Presently without the tweaks and training all we can do is reduce his spam by about 50 - 60%.
Much much much better than that.
# SUMMARY for threshold 5.0:
# Correctly non-spam: 16785 30.50% (99.84% of non-spam corpus)
# Correctly spam: 37347 67.87% (97.73% of spam corpus)
# False positives: 27 0.05% (0.16% of nonspam, 3617 weighted)
# False negatives: 869 1.58% (2.27% of spam, 2912 weighted)
# TCR: 38.063745 SpamRecall: 97.726% SpamPrec: 99.928% FP: 0.05% FN: 1.58%
That means that 98.27% of email processed with SA at a score level of 5.0 is correctly marked as spam/ham, and 97.73% of spams will be tagged correctly.
No, this means that with a threshold of 5 you had 27 false positives. You omitted to quote my original response, "Settings have to be left at conservative in order not to get the phone calls complaining about false positives".
Threshold at 8 (no bayes) 3 established test accounts 31 day period Total Mail 10,228 Total Spam 4,008 Correctly identified Spam 2,325 Unidentified Spam 1,683 False Positives 1
Threshold at 4 (+bayes and comprehensive white/black lists) on 3 accounts 31 days (Oct)
Total Mail 12,524
Correctly identified Spam 4,712
Unidentified Spam 13
False Positives 2
When a user signs up for this service we tell him we can reduce your spam by over 50%, and that there is a minute chance that a mail could be incorrectly identified as spam. He has a UI that he can log into to customize his settings to increase the caught ratio.
He is also advised on how to filter his mail and to constantly check his spam folder to make sure that there are none misidentified.
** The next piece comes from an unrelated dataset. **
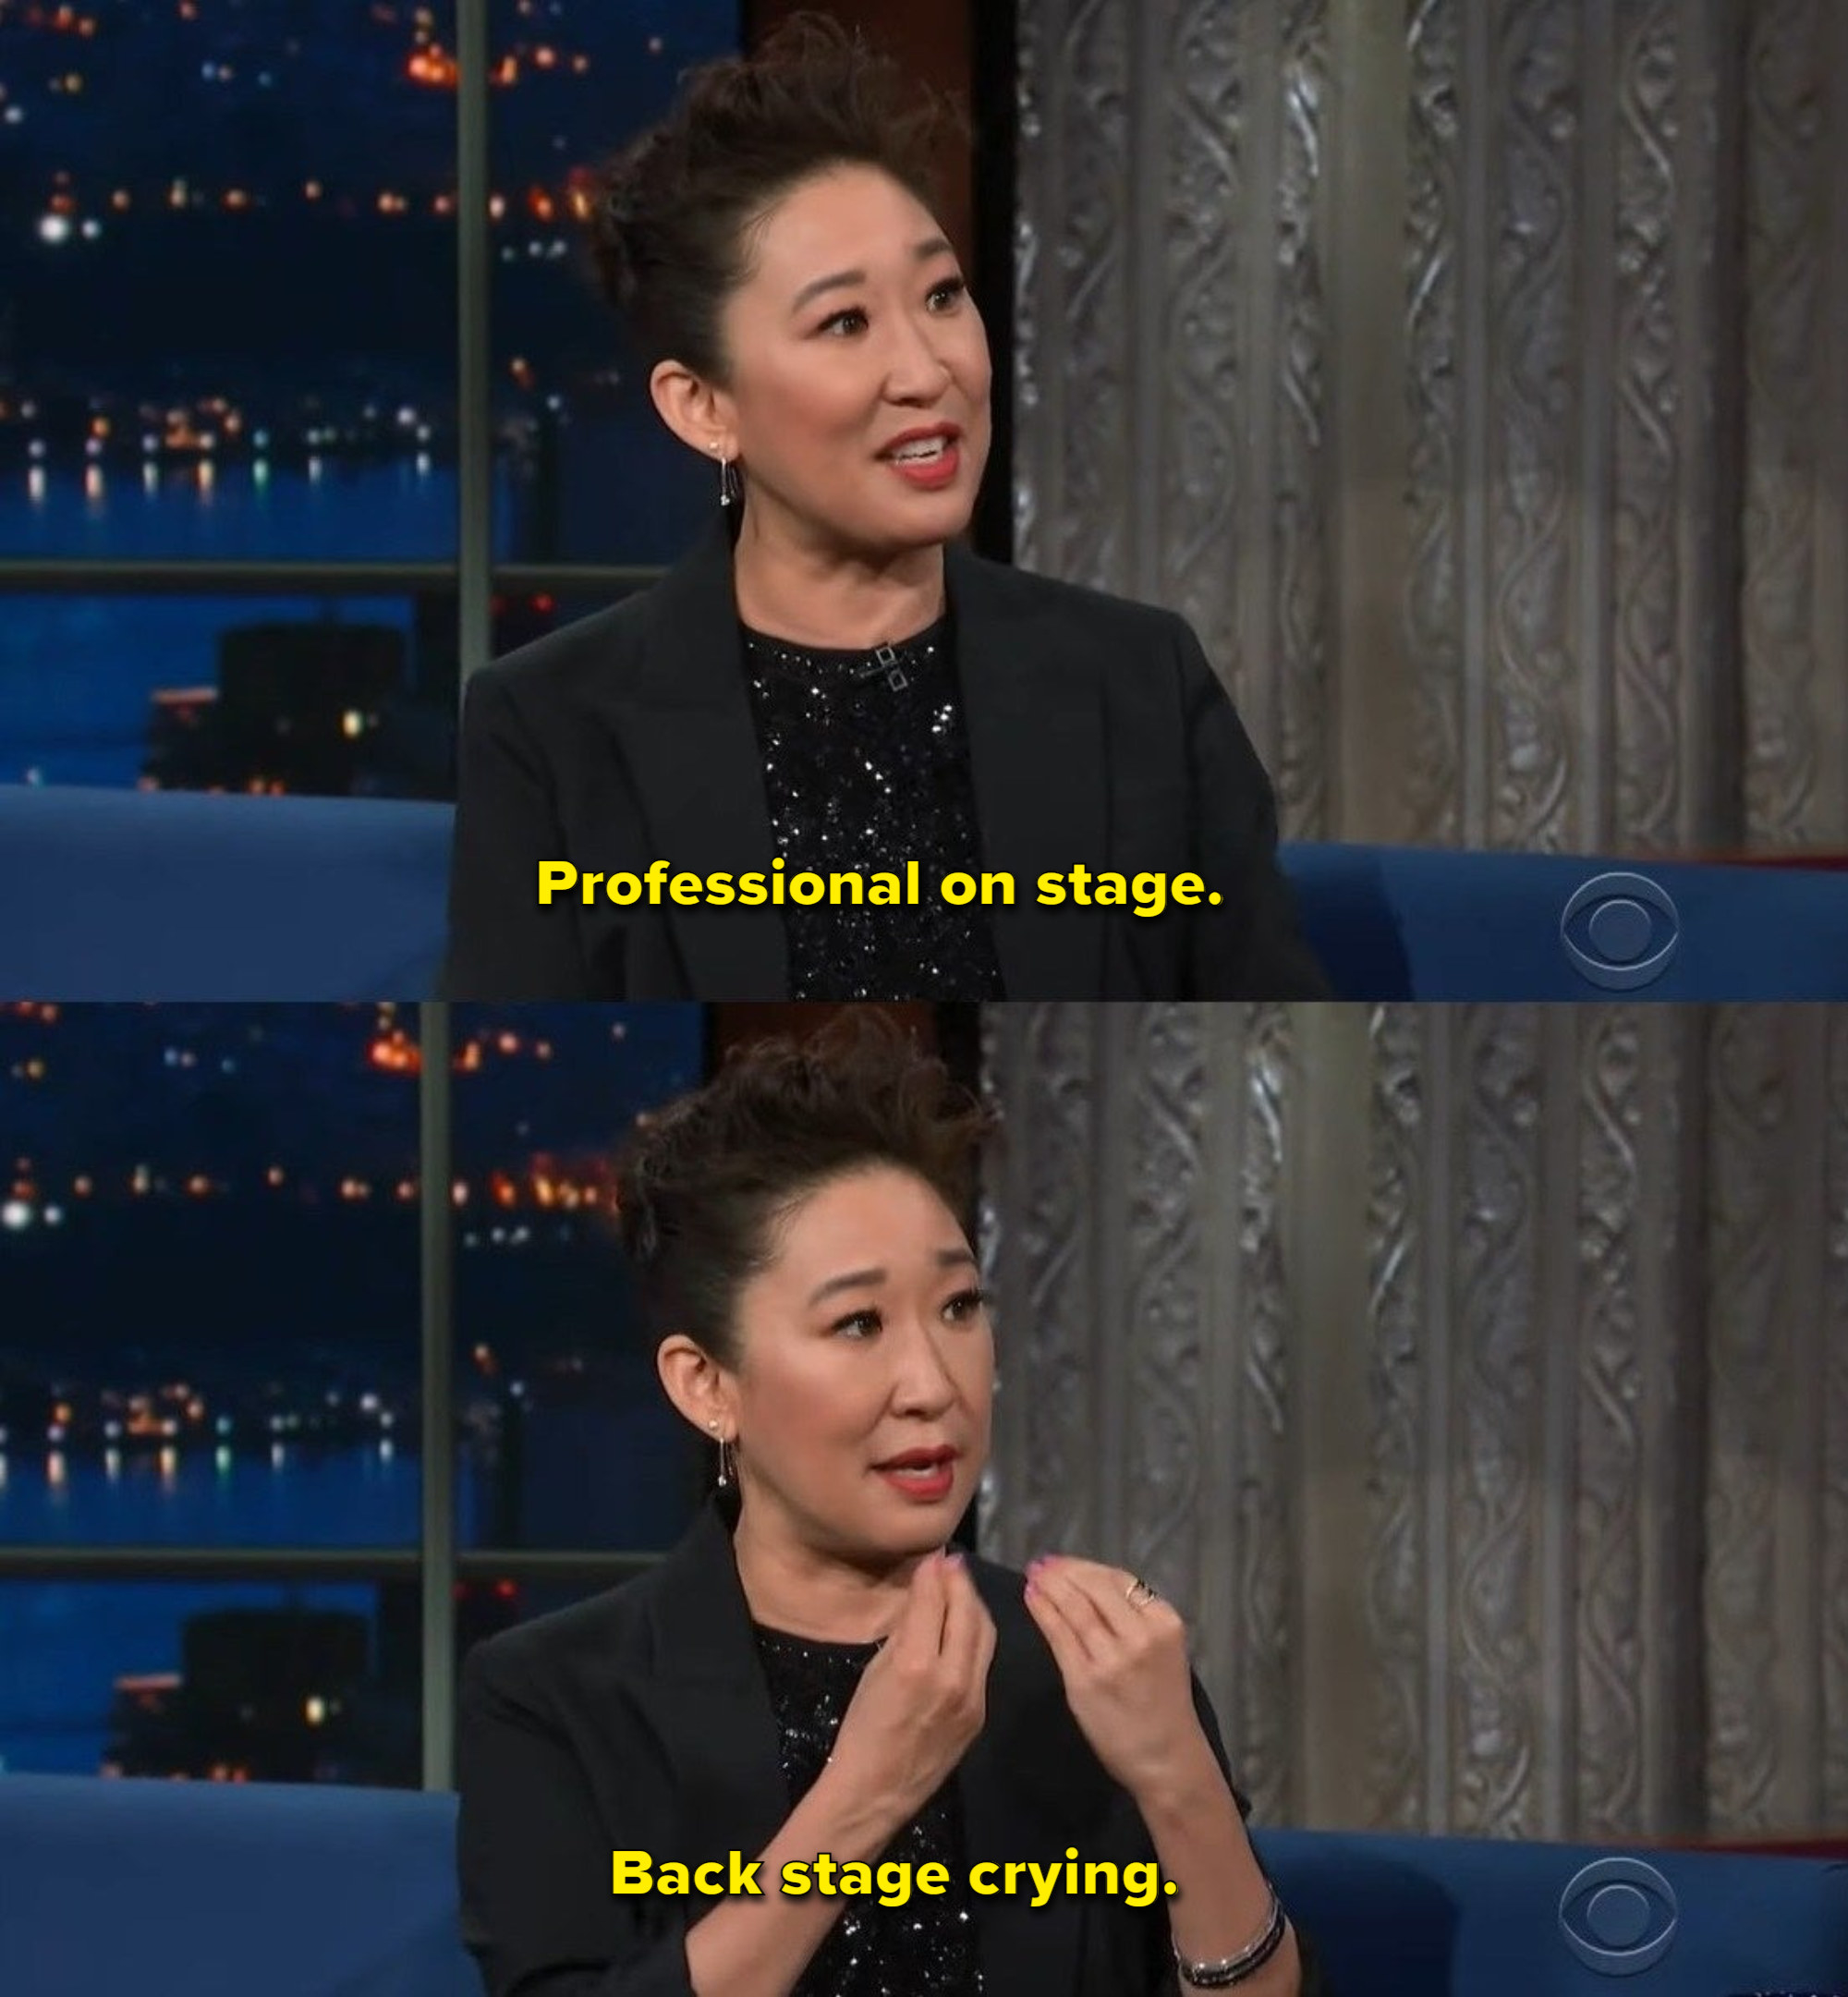 Sandra Oh: &quot;Professional on stage and back stage crying&quot;

The typical user is capable of making toast in his electric toaster, but when it comes to the overwhelming complexities involved in operating a computer he is totally lost. He will become extremely agitated when he looses the *REALLY IMPORTANT* email that was tagged as spam, put into his spam mailbox and which he subsequently deleted because he didn't pay close enough attention to what *HE* was doing, that instantly becomes our fault!
That same user doesn't comprehend filtering, he looks at spam, says it's spam and can delete it, he thinks computers are smarter than people and why can't it do the same thing, he thinks the program that does it and screws up is useless.....
So to avoid the loss of those *REALLY IMPORTANT* emails we leave the settings at a conservative level.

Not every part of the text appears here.